# Width of trailer



## MyBoyPuck (Mar 27, 2009)

So I started looking at trailers to try and get ideas of what I need. One person showing us Hawk trailers suggested that I should be looking for a 6' wide for my TB because as she put it, horses like to feel snug and secure in there particularly around corners. I'm confused by this since all I ever hear is that horses are claustrophic and hate tight spaces. My horse has no trailer issues. He'll load himself as long as there's a bag of hay in there. Does anyone agree or disagree with this statement for any particular reason?


----------



## Dressage10135 (Feb 11, 2009)

Hmm.... well I've never heard that horses like tighter spaces instead of more room. I personally have been looking for trailers also and everyone has been pretty much saying "the bigger the better". I actually just bought my first trailer (yay!) and am going to pick it up this saturday. I will enclose some pics of it. It is 8'3" wide and 16' long. Its a two horse slant, and personally, thats as small as I would get.

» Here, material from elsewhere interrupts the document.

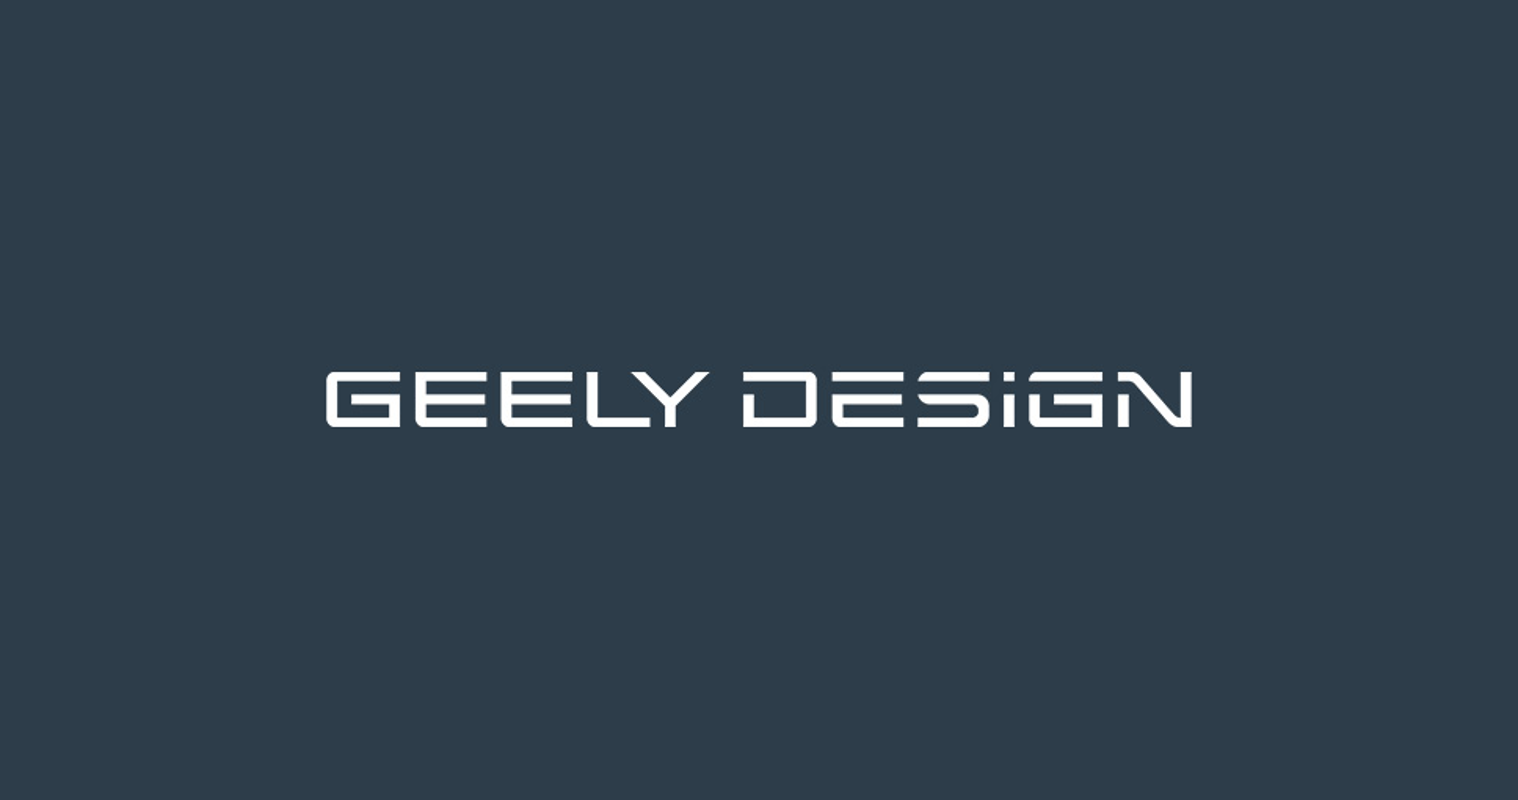 Geely открывает новый дизайн-центр в Милане

Especially if you have a big horse. Anyways, enough rambling :lol:


----------



## My Beau (Jan 2, 2009)

I don't know about the whole "they like tighter spaces" thing, but being a little snug helps them balance themselves as they can lean into the wall/divider if need be.

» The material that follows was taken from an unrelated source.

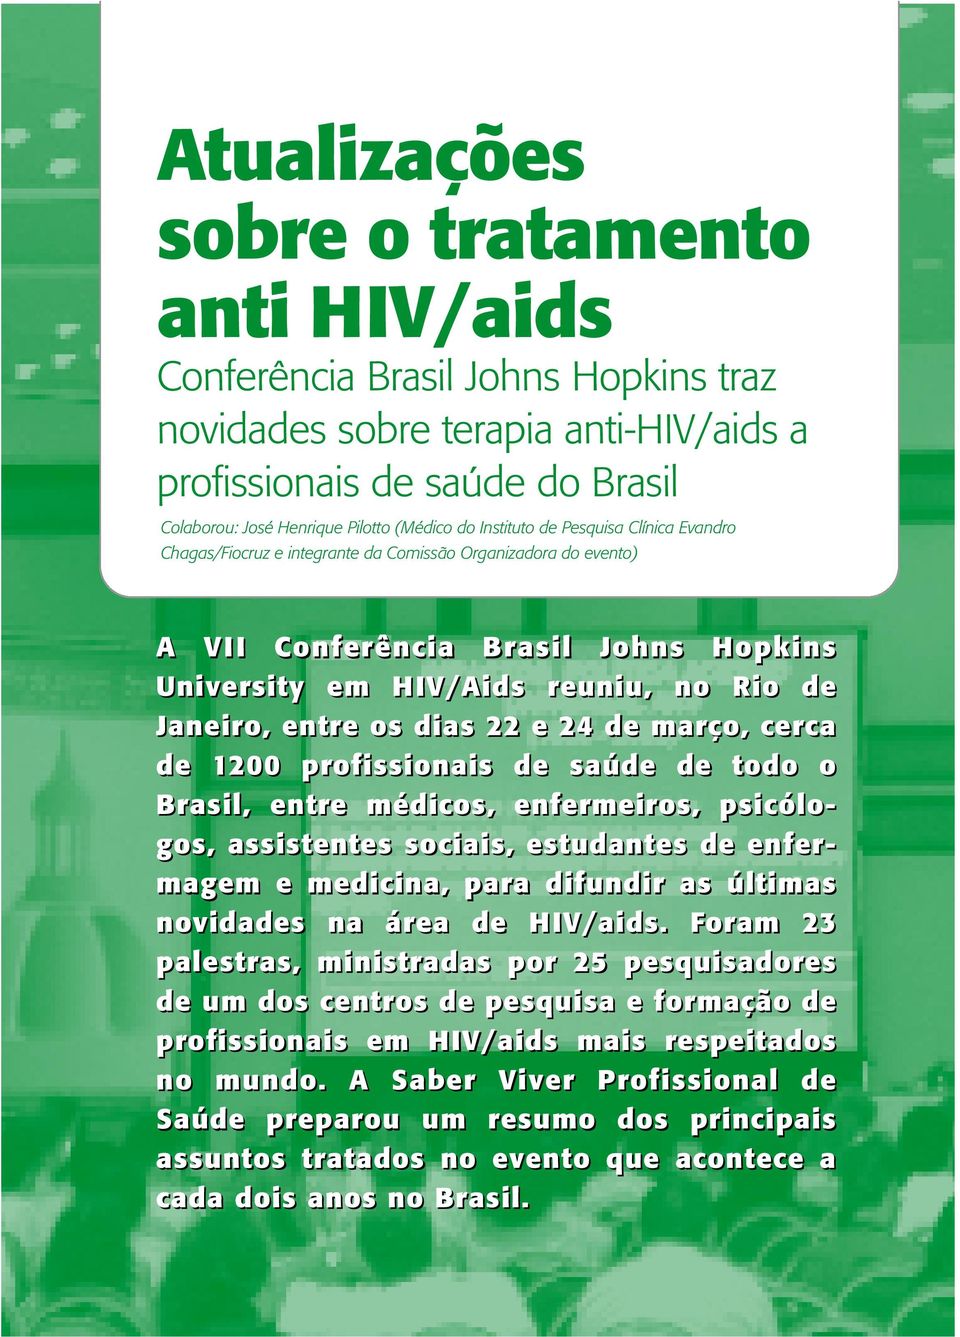 reuniu, no Rio de Janeiro, entre os dias 22 e 24 de março, cerca de 1200 profissionais de saúde de todo o Brasil, entre médicos, enfermeiros, psicólogos, assistentes sociais, estudantes de enfermagem

And 6' is a pretty standard INSIDE width of a trailer. Our's is warmblood size and 5'10" inside, it's plenty big for my wide QH gelding.


----------



## Indyhorse (Dec 3, 2009)

^^ yeah, what she said *lol*

I've never heard in terms of horses "liking" cramped spaces, but I've always heard a snugger fit is better for the horse keeping their balance.


----------



## ~*~anebel~*~ (Aug 21, 2008)

Snug is good, we like snug! Don't want a horse going down because there's nothing to lean on. In the Hawks they also tend to have wiggle room so if you have a big horse and a little horse the partition will shift so the big horse has more room.

I love Hawk trailers. They are sent from heaven!! We trailer in a WB sized two horse straight haul, fits our two big boys in there just great, and all our stuff for 3-4 day horse shows. My favorite thing about the two horse straight hauls is that you can take out the manger, or have a hay net and the horse can get its head down all the way to clear its airways. And they usually have ramps, their ramps are nice because they have traction but good luck trying to clean them.


----------